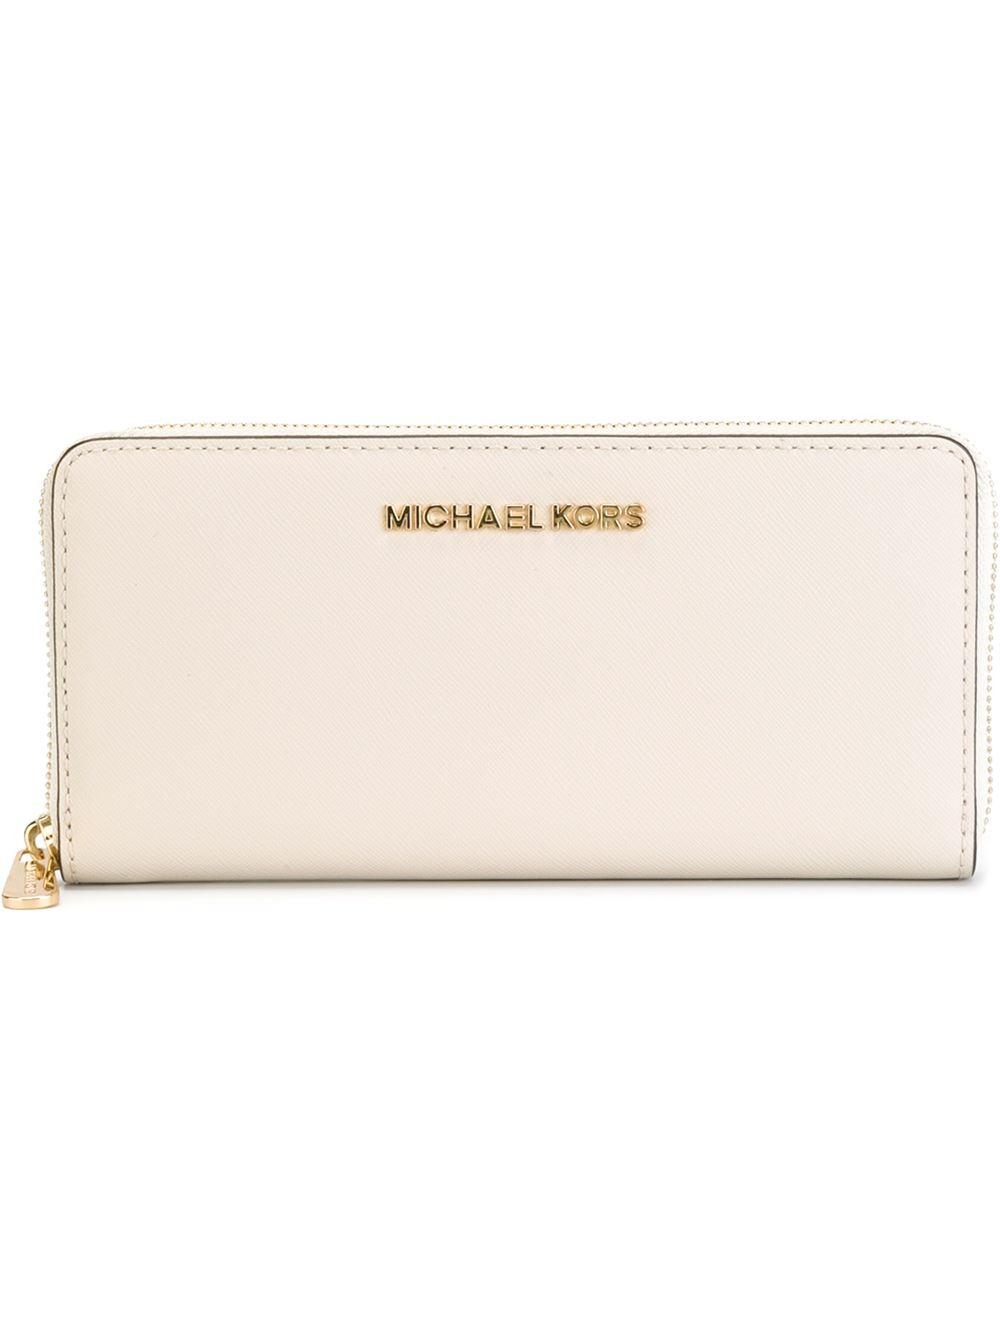 99b44b40cfd8 MICHAEL Michael Kors  jet Set Travel  Wallet in Natural - Lyst
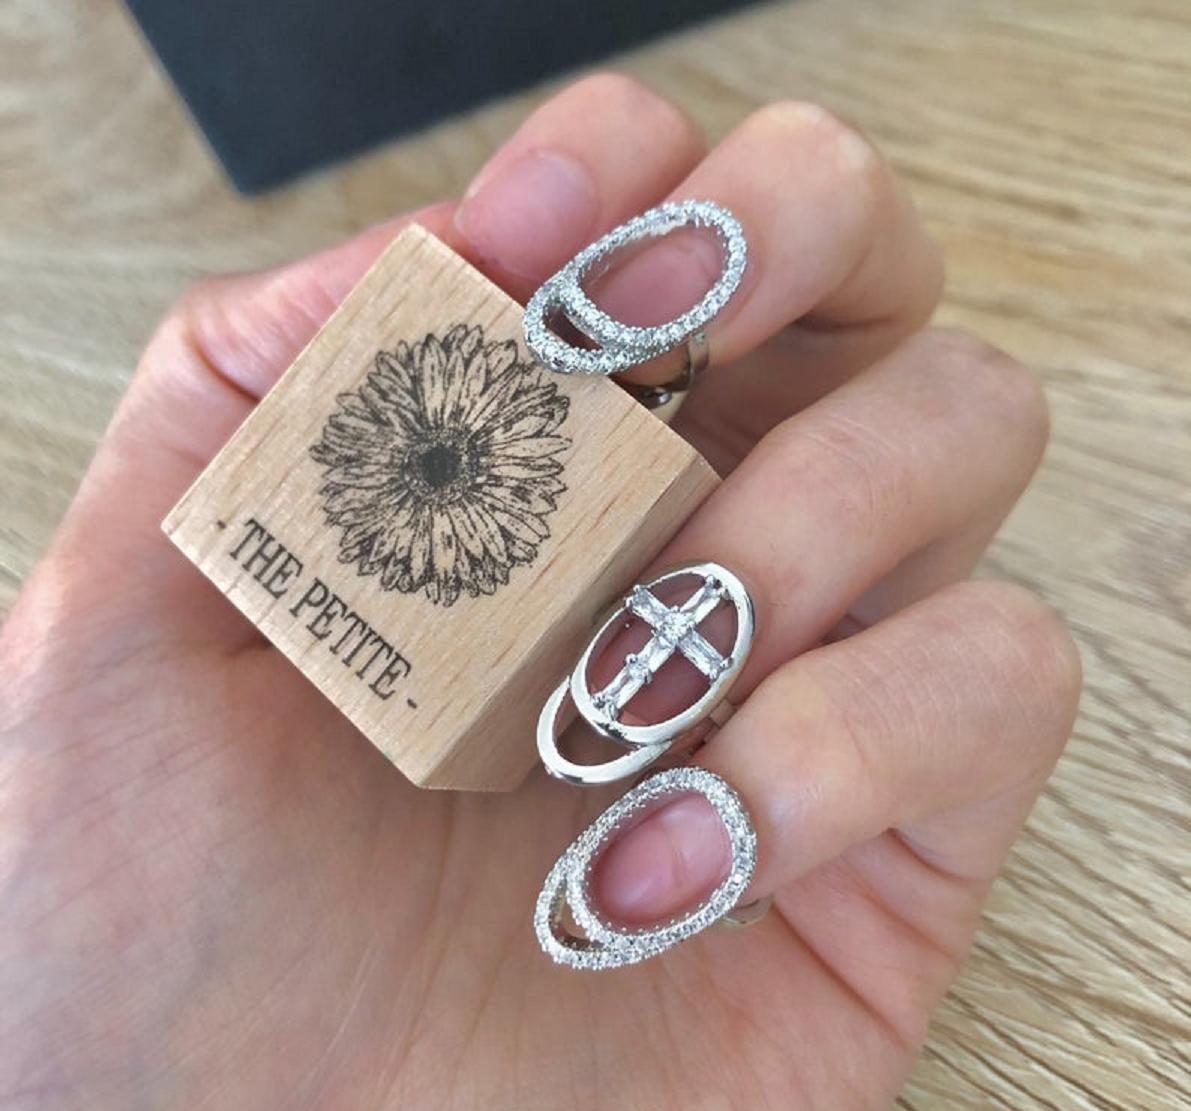 Nail ring bling Ruthless Fingertip Nail Rings with Rhinestones
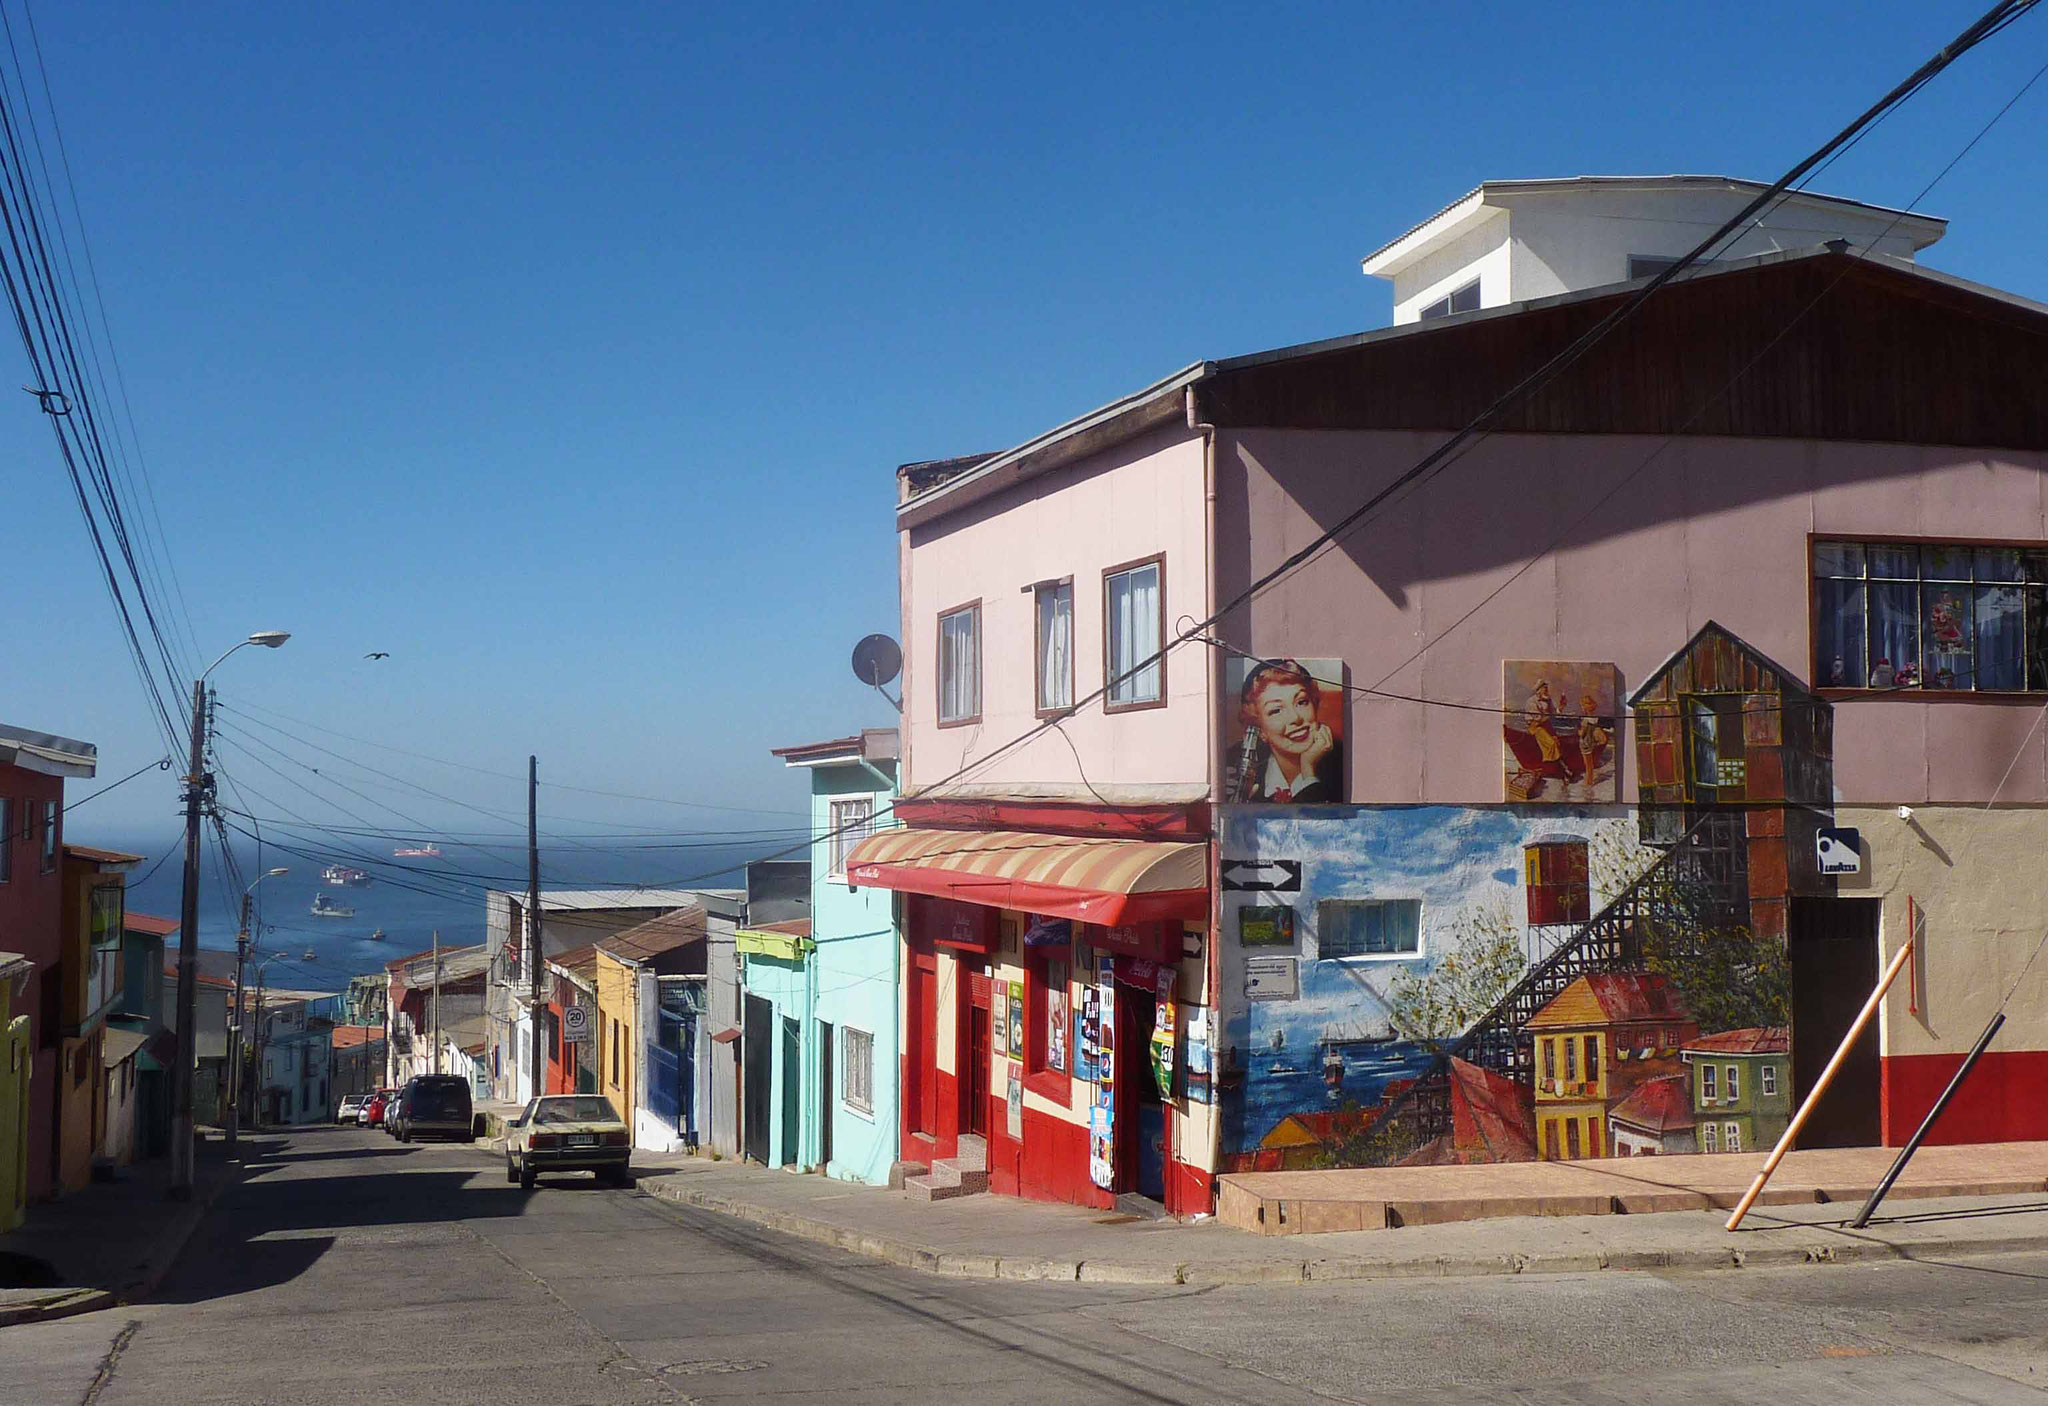 La rue Ferrari, rue des poètes (F. Garcia Lorca, P. Neruda...)

### [Exercise objective]
Please restate the data word for word, leaving out any picture it holds.

### [Task response]
 99b44b40cfd8 MICHAEL Michael Kors  jet Set Travel  Wallet in Natural - Lyst
 Nail ring bling Ruthless Fingertip Nail Rings with Rhinestones
 La rue Ferrari, rue des poètes (F. Garcia Lorca, P. Neruda...)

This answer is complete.